(中央社ニューヨーク13日総合外電報道)FIFAワールドカップの祝祭ムードが今日、ニューヨーク市を包んでいるが、それ以上にニューヨーカーたちの関心を強く引きつけているのが、ニューヨーク・ニックスによるNBA優勝争いの熱狂である。サッカーの国際大会は、地元バスケットボールチームの歴史的瞬間に比べて、やや影が薄れている状況だ。

アフロ社の報道によると、5度のワールドカップ優勝を誇るブラジル代表とモロッコ代表の2026年大会初戦は、ニックスとサンアントニオ・スパーズのNBAファイナル対決の話題に完全にかき消された。

36歳のロドリゲス(David Rodriguez)は、ニックスのホームアリーナであるマディソン・スクエア・ガーデン近くのラザフォード・バー(The Rutherford)でサッカーの中継を観ながら、「私はサッカーファンではないので、今日はもちろんすべての関心がニックスに集中しています。ただ、ワールドカップ自体は本当にクールですね」と語った。

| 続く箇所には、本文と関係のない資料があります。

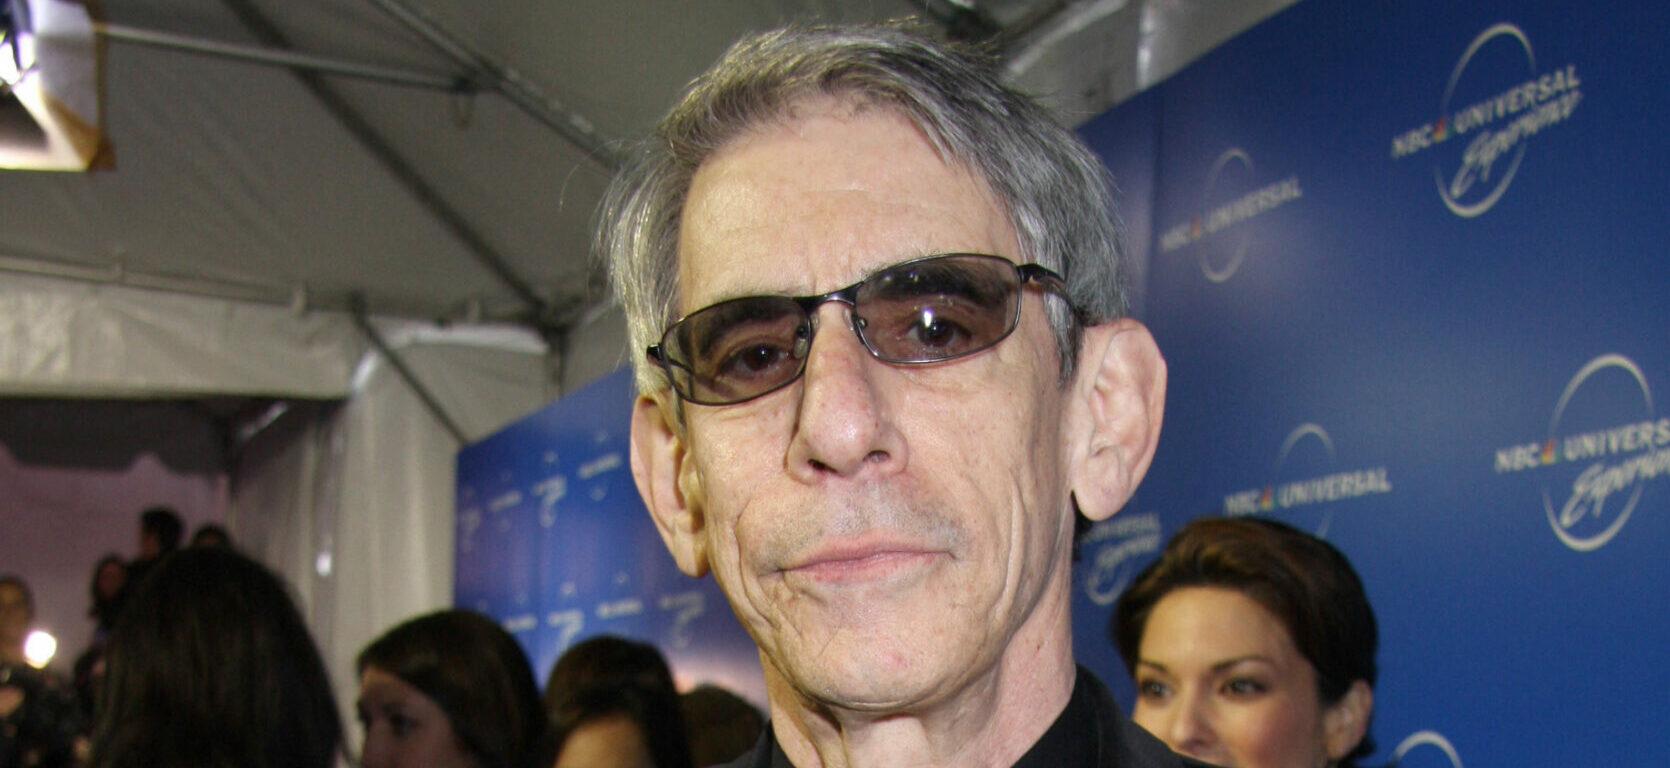 Ice-T And More ‘Law & Order’ Co-Stars Speak On Richard Belzer’s Death: ‘I’ll Miss You Homie’

一方で、何万人ものサッカーファンが隣接するペンステーション(Penn Station)へと殺到し、メットライフ・スタジアム(MetLife Stadium)へ向かう列車に乗り込んでいる。

37歳のウォード(Morten Vold)は、ブラジル代表の黄緑のユニフォームを身にまとい、駅に向かっていた。現場には多数の警察と軍関係者が配置されており、彼はワールドカップの大量来場者に対応する当局の準備に感謝を示した。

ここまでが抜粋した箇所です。